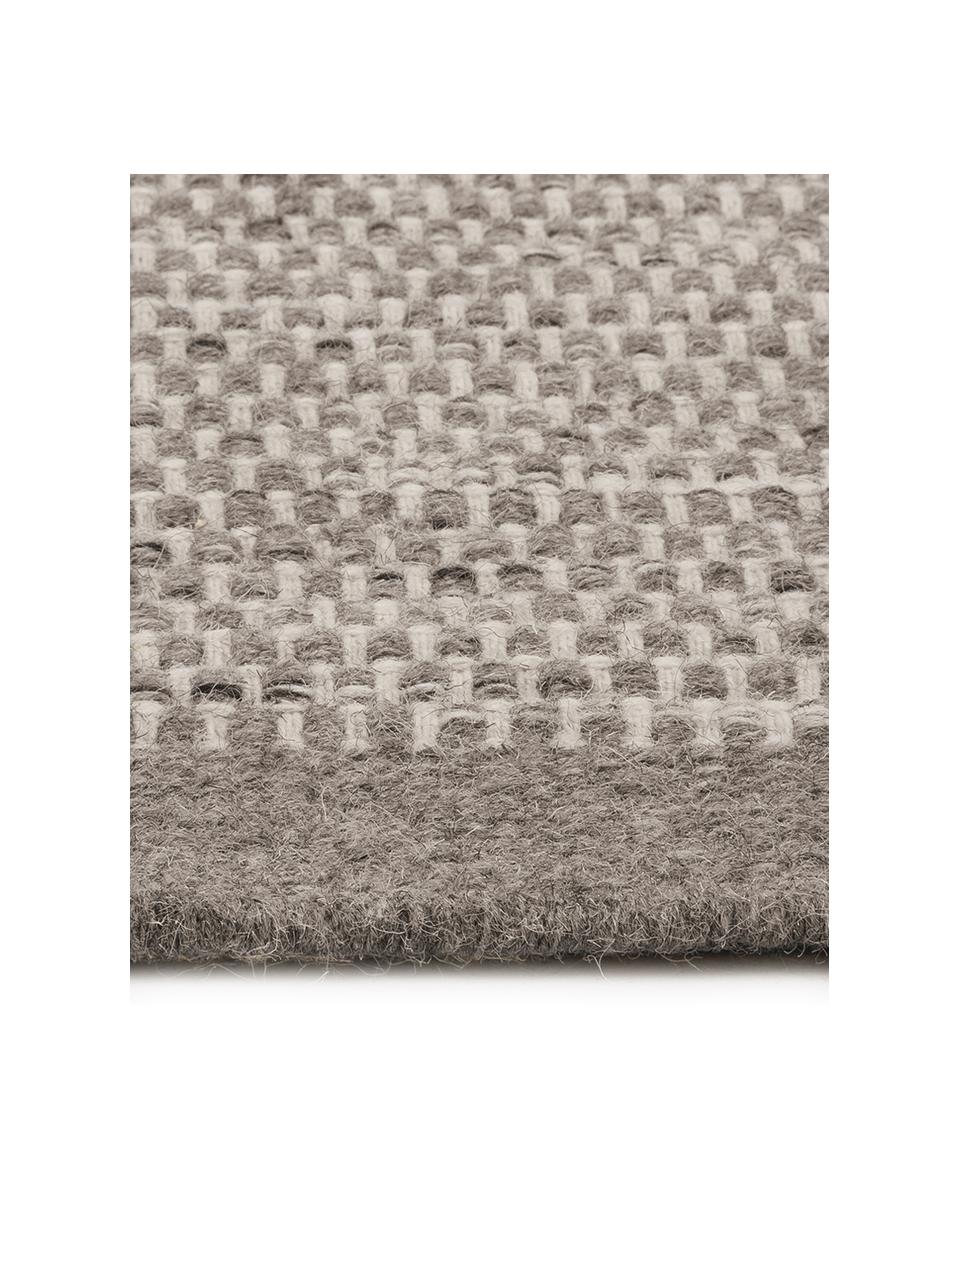 Handgewebter Wollteppich Asko in Grautönen, Flor: 90% Wolle, 10% Baumwolle, Hellgrau, Grau, B 170 x L 240 cm (Grösse M)
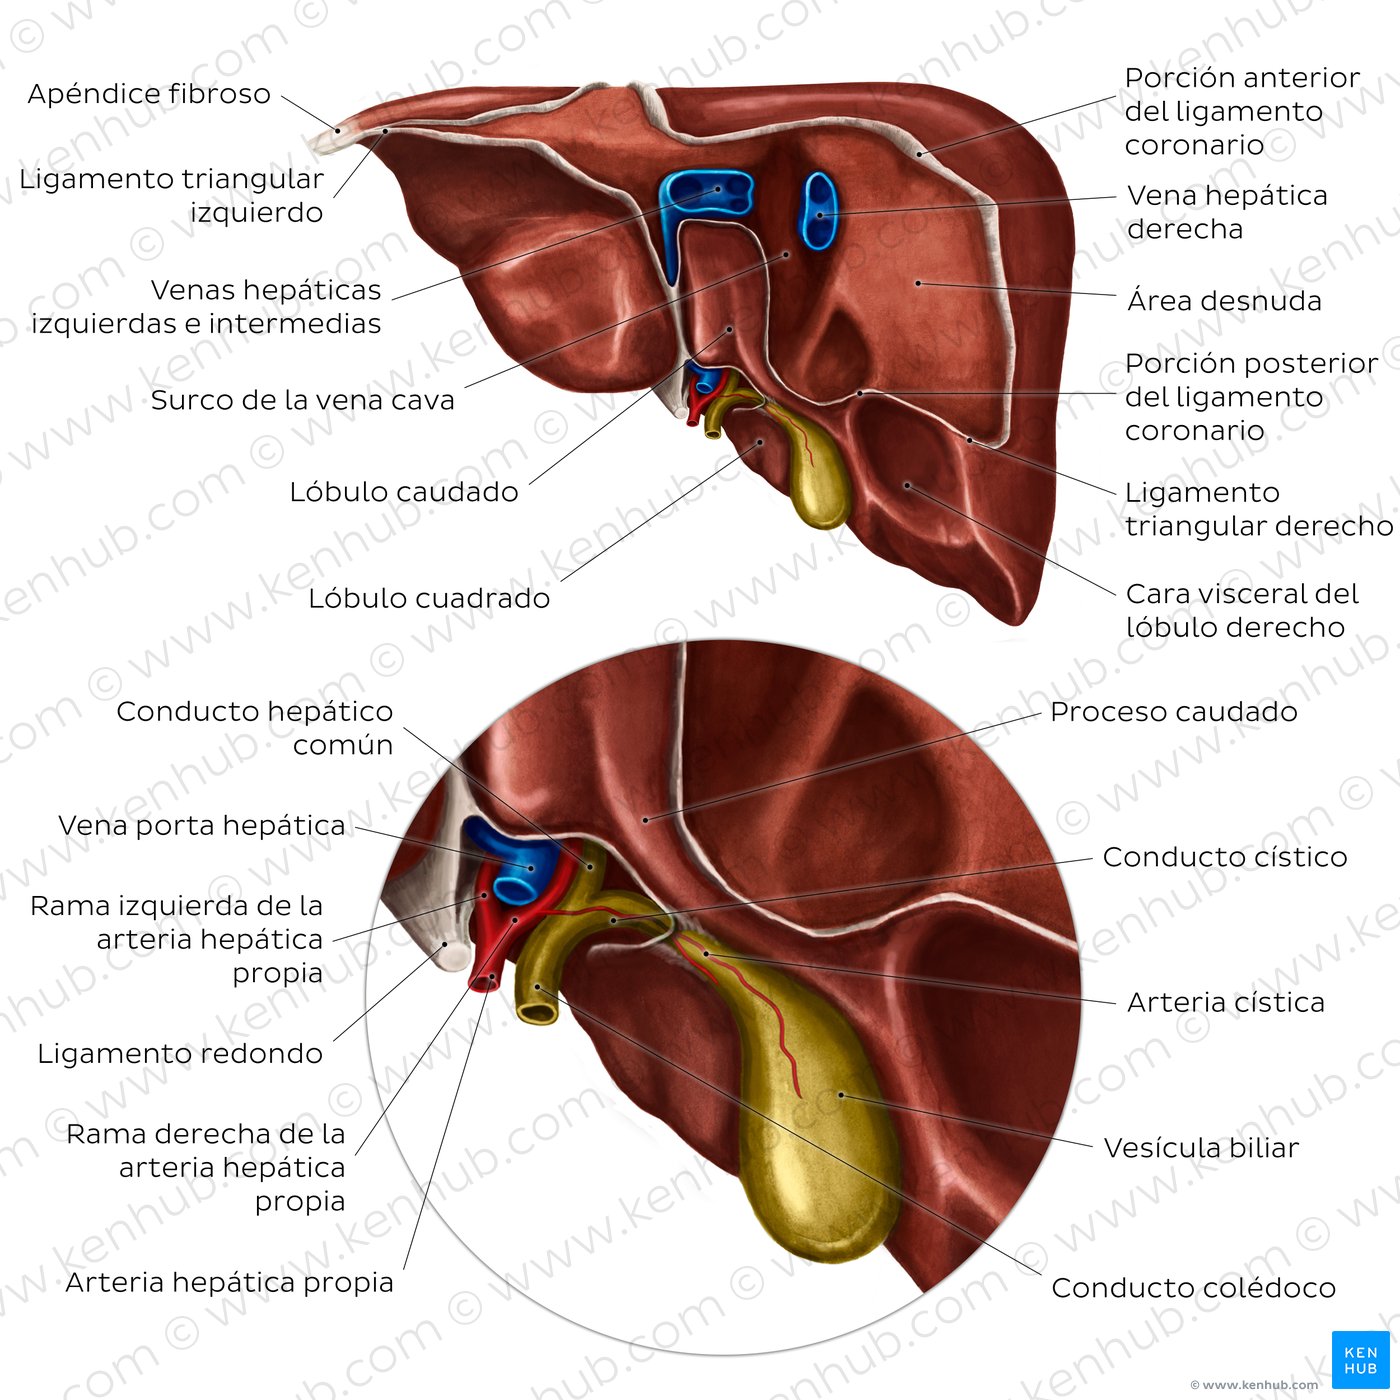 Anatomía del hígado: Vista posterior
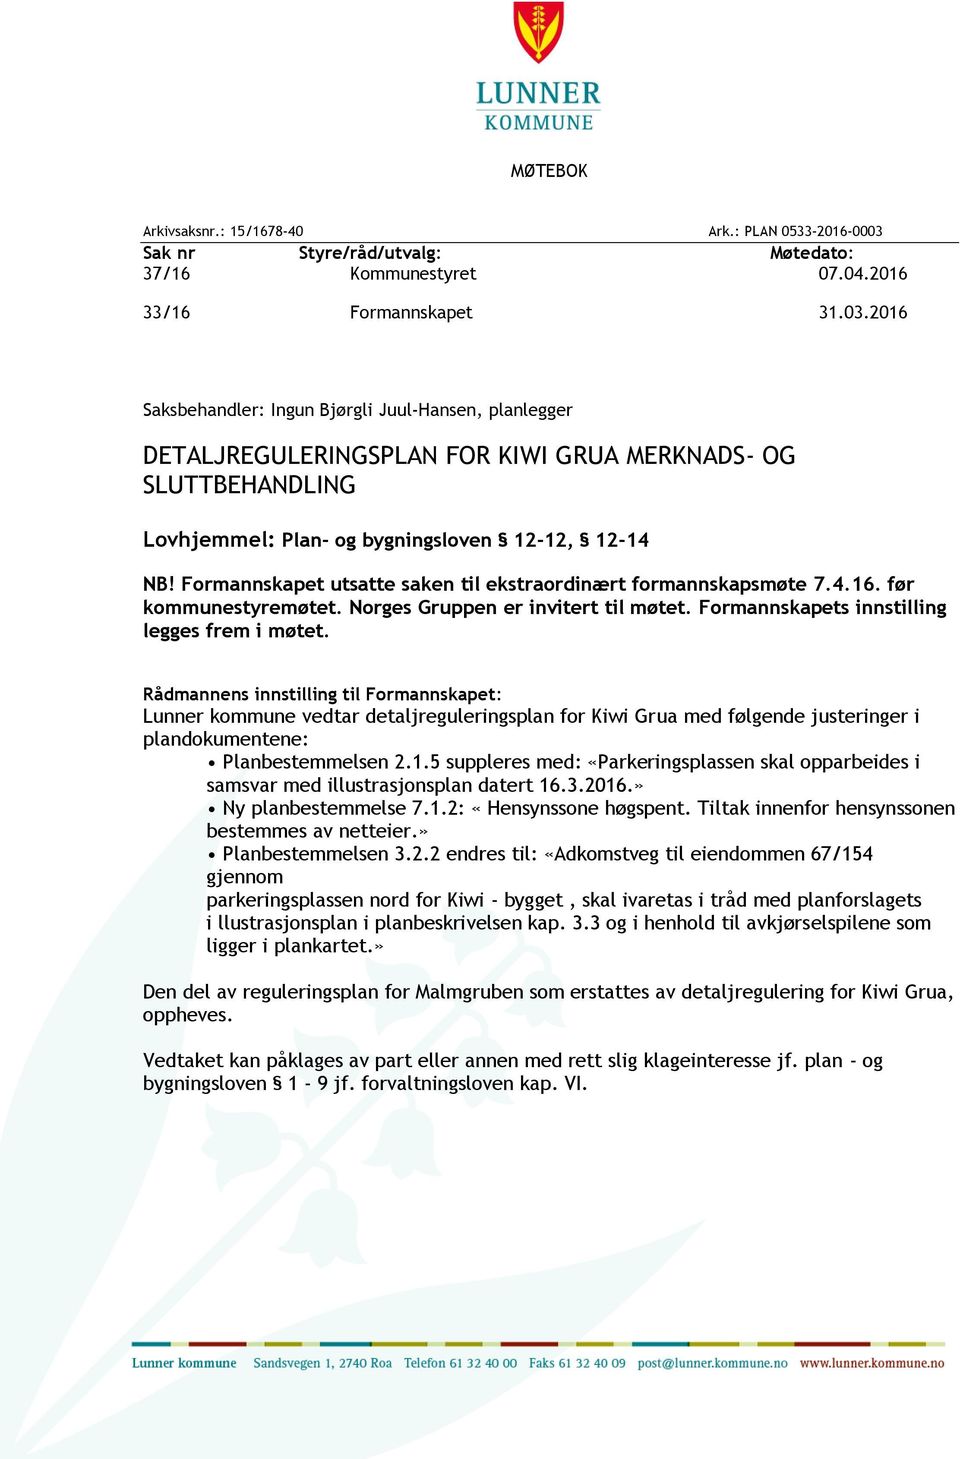 2016 Saksbehandler: Ingun Bjørgli Juul-Hansen, planlegger DETALJREGULERINGSPLAN FOR KIWI GRUA MERKNADS- OG SLUTTBEHANDLING Lovhjemmel: Plan- og bygningsloven 12-12, 12-14 NB!

» **TASK REQUIREMENTS**
Please set down the whole listing above exactly and skip every picture.

» **OUTPUT OF THE EXERCISE**
 Handgewebter Wollteppich Asko in Grautönen, Flor: 90% Wolle, 10% Baumwolle, Hellgrau, Grau, B 170 x L 240 cm (Grösse M)
 Anatomía del hígado: Vista posterior
 2016 Saksbehandler: Ingun Bjørgli Juul-Hansen, planlegger DETALJREGULERINGSPLAN FOR KIWI GRUA MERKNADS- OG SLUTTBEHANDLING Lovhjemmel: Plan- og bygningsloven 12-12, 12-14 NB!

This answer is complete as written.